Archivematica is an open-source suite of tools designed to ingest diverse digital content and prepare AIPs for long-term storage. Once an AIP is generated it is not dependent on Archivematica for retrieval, and can be opened using any standard file browser. The concept of an AIP is derived from the ISO 14721:2012 Reference Model for an Open Archival Information System (OAIS), which defines it as “[a]n Information Package, consisting of the Content Information and the associated Preservation Description Information (PDI), which is preserved within an OAIS.”
Content Information
In an Archivematica AIP, the Content Information consists primarily of the originally ingested digital objects and any preservation versions of the objects created to mitigate the risk of format obsolescence over time. The preservation copies typically have the same filenames as the original objects but with different file extensions and with UUIDs appended to the filename. For example, for an original file named BBhelemet.ai the preservation version may be named BBhelmet-e3a3988d-8149-49ea-adc5-c255fb68d4f9.pdf.
The originally ingested digital objects and any preservation versions are located in the objects directory of the AIP. There will be nested subdirectories in the object directory if these subdirectories were included in the original transfer or added during SIP arrangement. The objects directory also includes a submissiondocumentatio folder and a metadata folder. The submissiondocumentation folder contains documentation such as donor agreements and transfer forms, if included the original transfer, as well as a METS file that records the contents of the original transfer(s) from which the AIP was created. The objects directory may also contain a metadata folder, which holds any metadata files included in the original transfer, and any OCR text files generated during processing.
Preservation Description Information (PDI)

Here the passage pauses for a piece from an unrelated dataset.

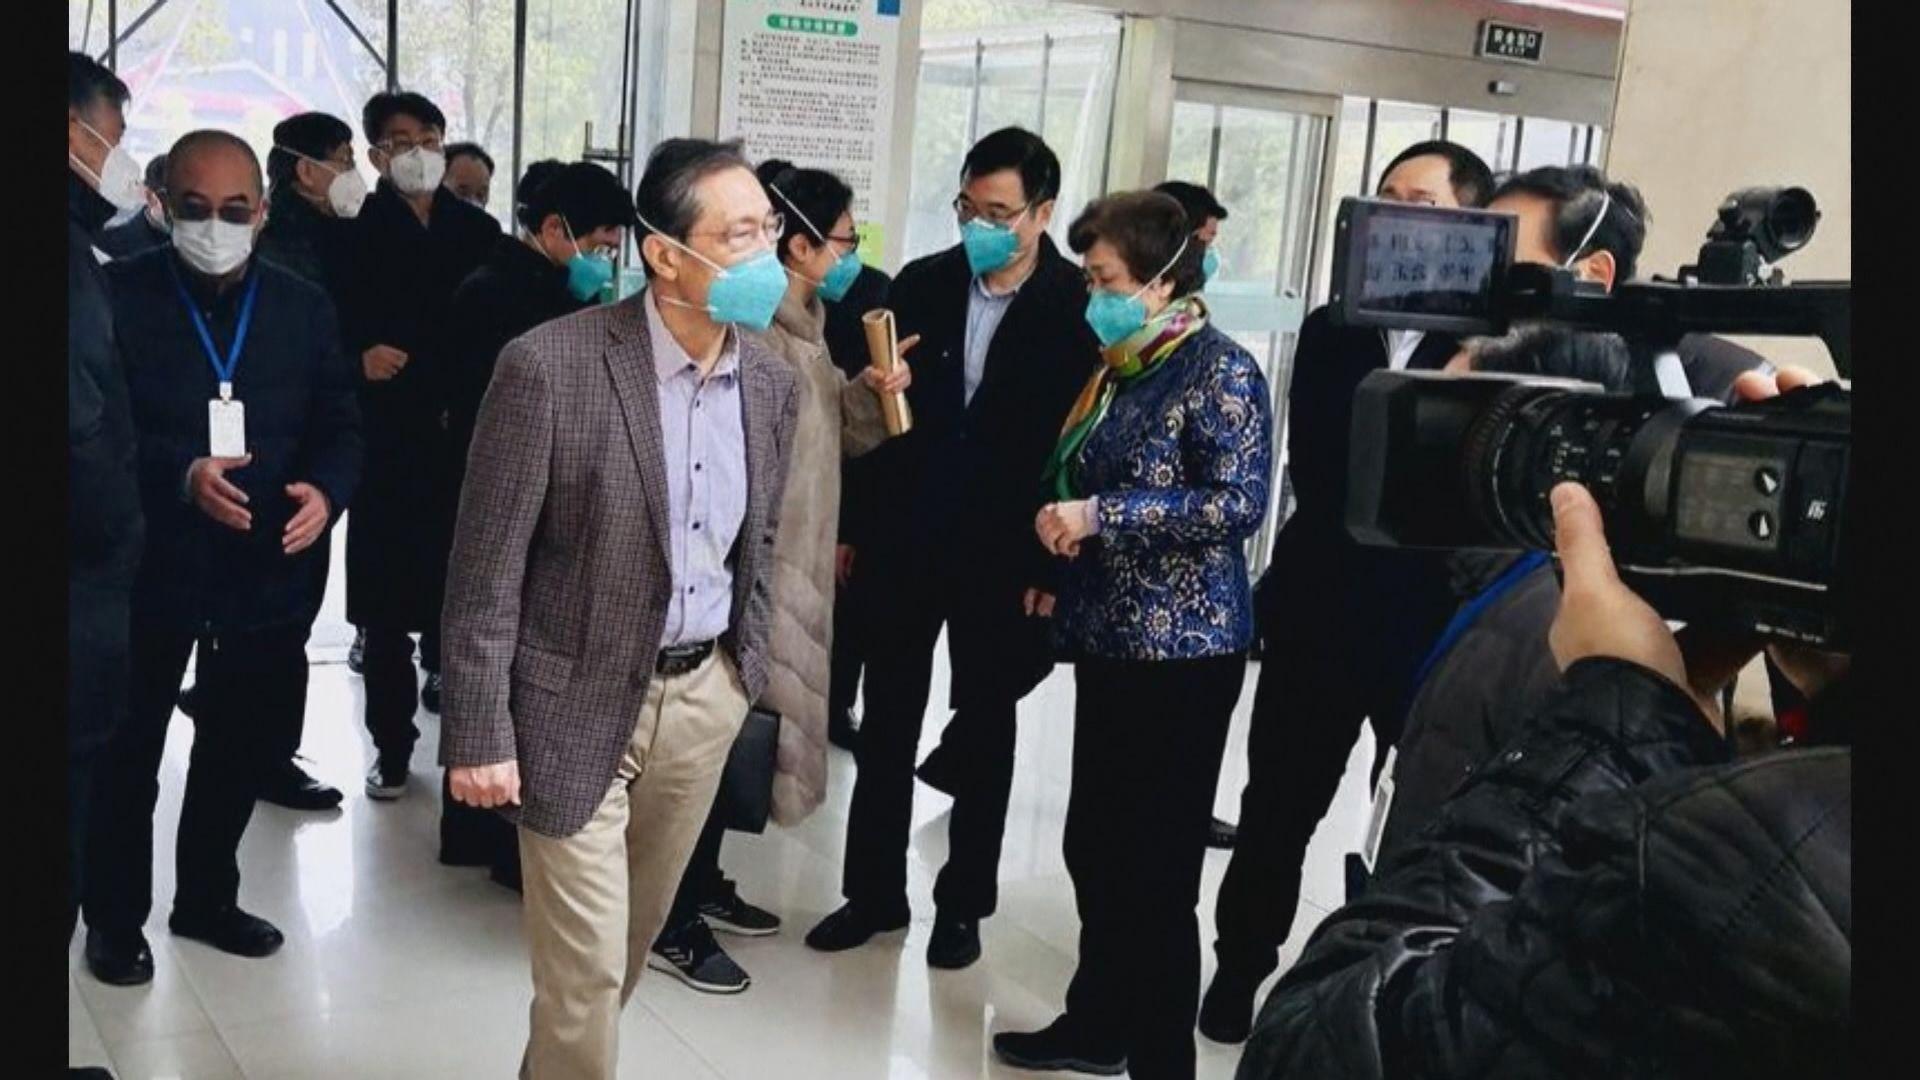 鍾南山:疫情爆發初期武漢官方曾隱瞞關鍵細節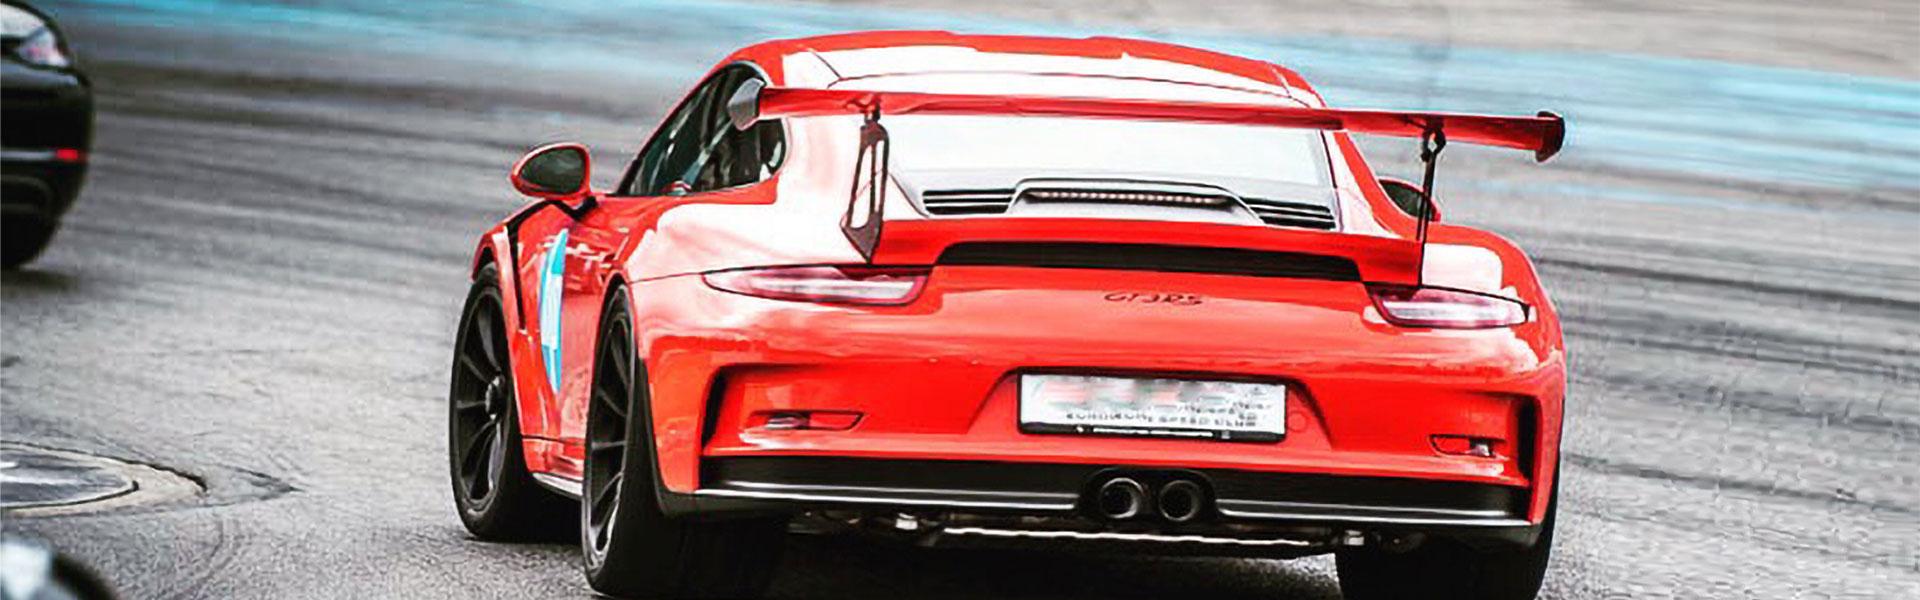 GT3-Fahrertraining-Porsche-991-GT3-RS

The PDI in an Archivematica AIP is recorded in a METS XML file. METS is maintained by the Library of Congress, which defines it as “a standard for encoding descriptive, administrative, and structural metadata regarding objects within a digital library, expressed using the XML schema language of the World Wide Web Consortium.” In the Archivematica AIP the METS filename is composed of the filename METS with a UUID file extension and an XML file extension; for example METS.0ad8cdab-dbbf-4863-8a4d-9a675c227216.xml. The METS file typically consists of the following standard METS sections:
-metsHdr (METS header): basic information about the METS file;
-dmdSec (descriptive metadata section): descriptive metadata about the digital objects;
-amdSec (administrative metadata section): technical and provenance information about the digital objects;
-fileSec (file section): a list of the digital objects and an indication of their role in the AIP (original, preservation, metadata, submission documentation, license etc.);
-structMap (structural map): a physical or logical ordering of the digital objects.
The technical and provenance information in the METS amdSec is recorded as PREMIS metadata....
Use case: Create and Use a Bag Profile
https://github.com/ruebot/bagit-profiles
Archivematica could define a bag profile and reference this in the AIP's it produces. This would help make AIP's more easily machine readable.